More good discussion at TPMCafe.

*  I had never heard of Gina Cooper — she’s the person who took the lead on organizing the first YearlyKos.  I’m thrilled to hear that she’s getting some recognition, because from Bai’s description, she seems to have taken on the classical female role of doing the critical behind the scenes work while Markos was running around chatting up reporters. 

Fairfax school board

November 5th, 2007

It occurred to me earlier today that tomorrow is election day and I still hadn’t figured out who I was voting for in the school board election.  There are 8 people running for the 3 at-large seats, and I didn’t have a good sense for the issues or the personalities.  It’s a non-partisan election, but the parties do endorse candidates.

So I started looking at the endorsements.

The Post endorsed Moon, Braunlich, and Cooper.
The teacher’s union endorsed Hone, Hunt, and Moon.
The Connection newspapers endorsed Cooper, Hone, Moon, Hunt, and Braunlich.
SLEEP (which wants Jr High and High Schools to start later) endorsed Hunt, Hone and Moon.
Fairfax Democrats endorsed Moon, Hone and Raney
Stop Redistricting endorsed Braunlich, Hunt, and Raney.

After reading the endorsements and looking at some of the websites, I think I’ve made my choices — Moon, Hone, and Cooper.

I haven’t figured out why the Dems endorsed Raney — his website just sounds like he’s drunk the management consulting kool-aid (everything is couched in terms of the "business case).  I seriously considered Hunt, as I do think it’s important for the board to be more than an echo chamber for the schools administration, but just couldn’t get past his letter to all the principals recommending ex-gay videos.

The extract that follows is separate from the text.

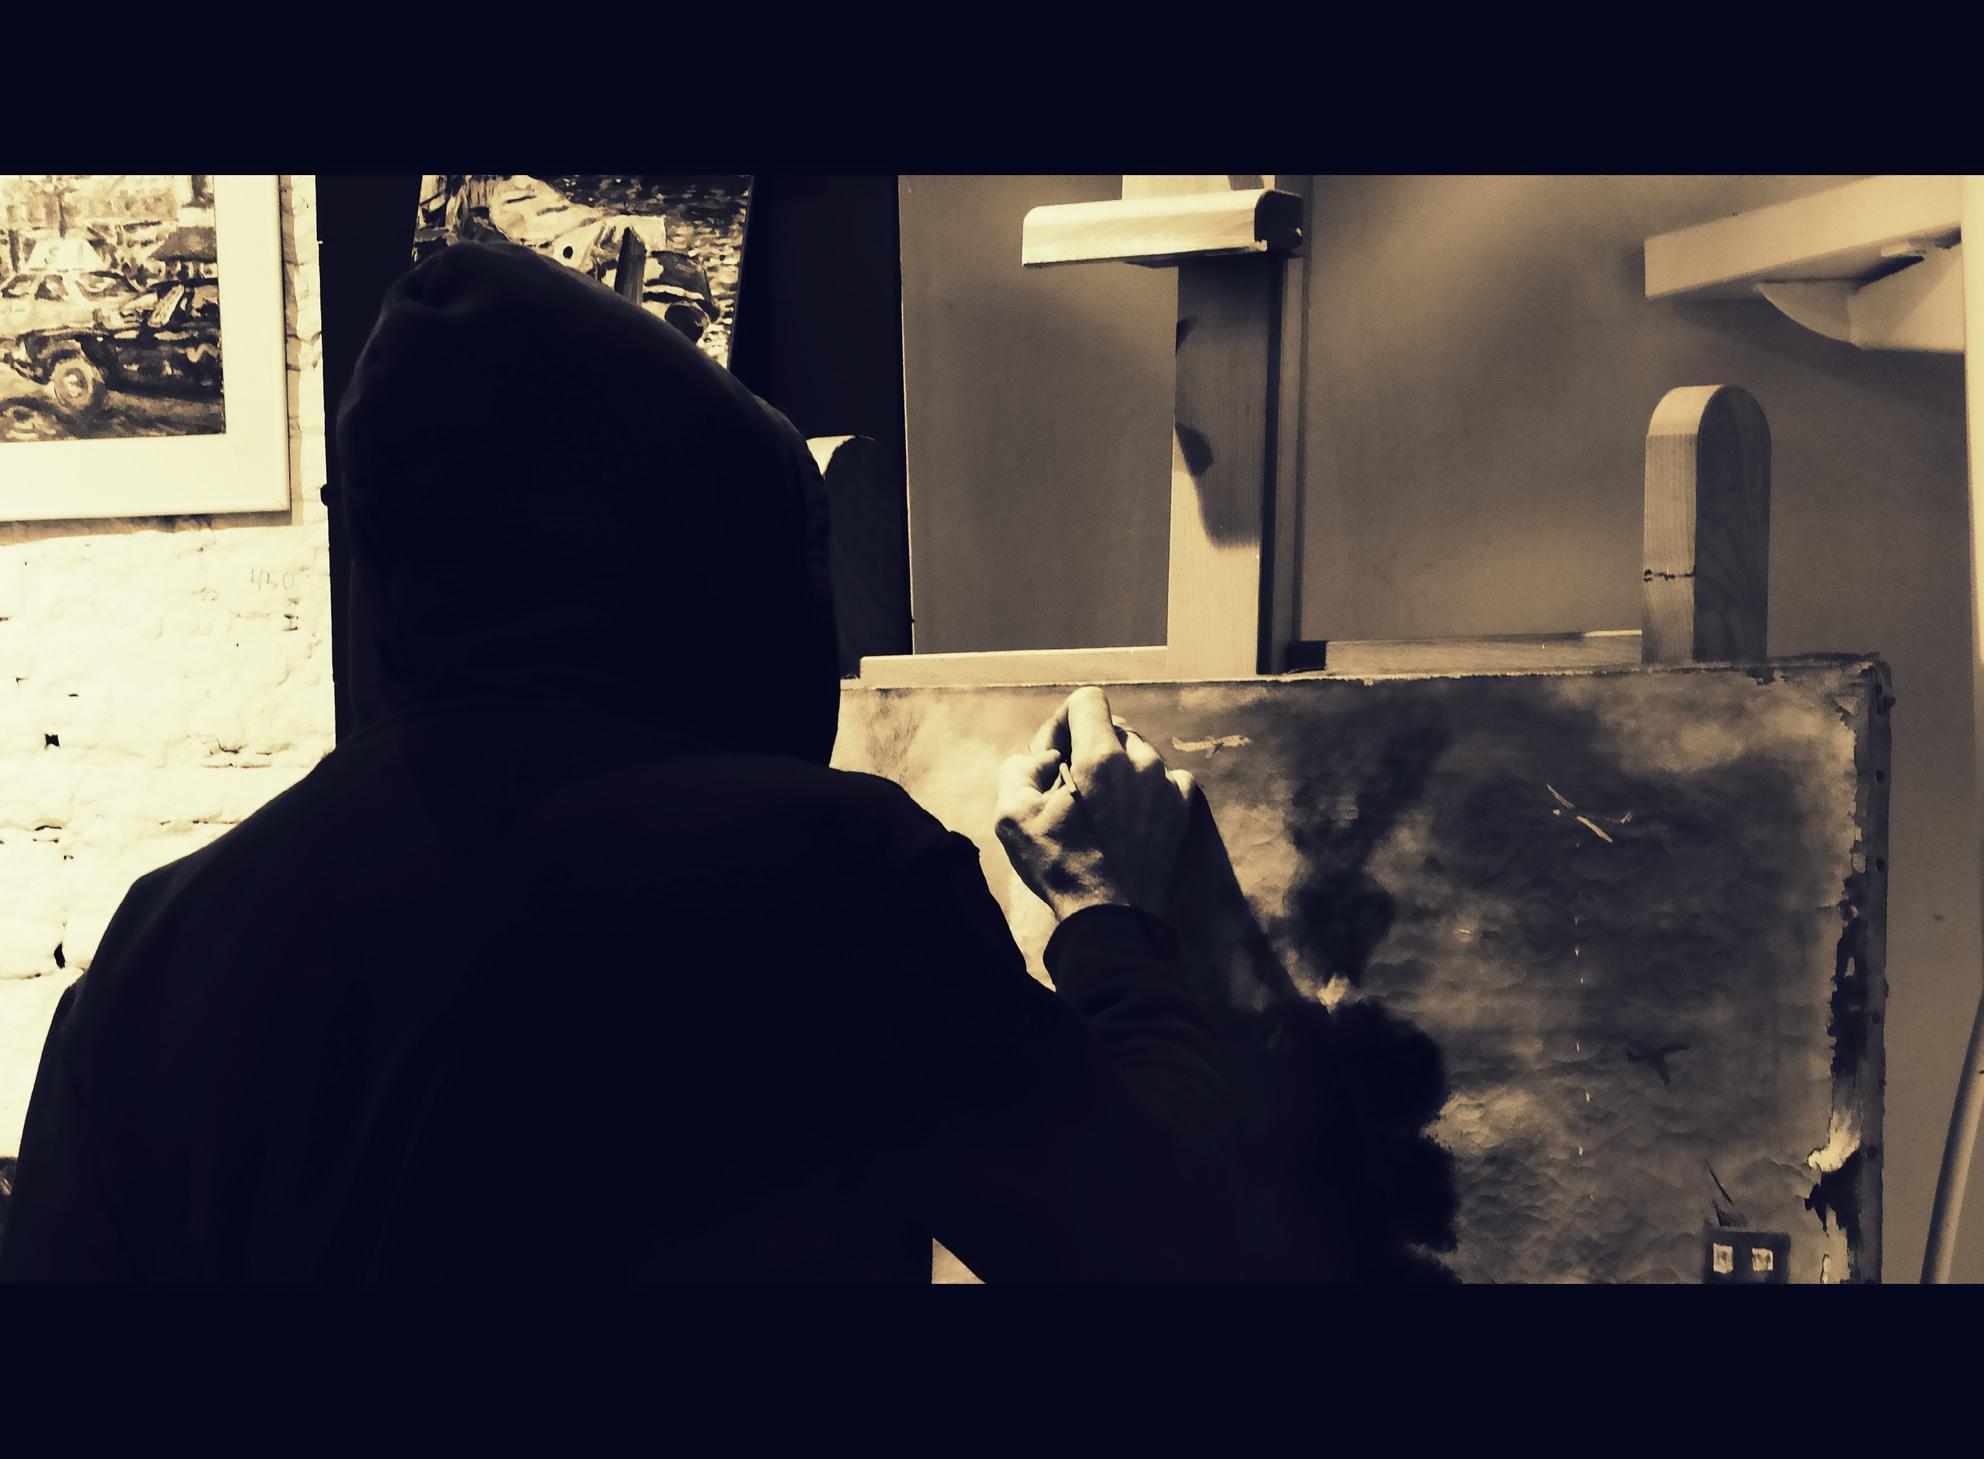 the unkown artist - straatfotografie - foto door c.buitendijk53 op 07-04-2021 - locatie: Amsterdam, Nederland - deze foto bevat: kunst,, straat, straatfotogr, schilder, kunstschilder,, schilderij, flitsfotografie, gebaar, lettertype, kunst, tinten en schakeringen, duisternis, ruimte, achtergrondverlichting, rechthoek, kamer

And I don’t really know all the issues around redistricting, but it seems like a mistake to take it off the table as an option.  Yes, redistricting can be traumatic.  But boundary lines weren’t handed down to Moses on tablets.  I’m almost certainly biased from our experience at D’s old school, but my perception of anti-redistricting advocates is that they’re trying to keep what they have, and tough luck to anyone else.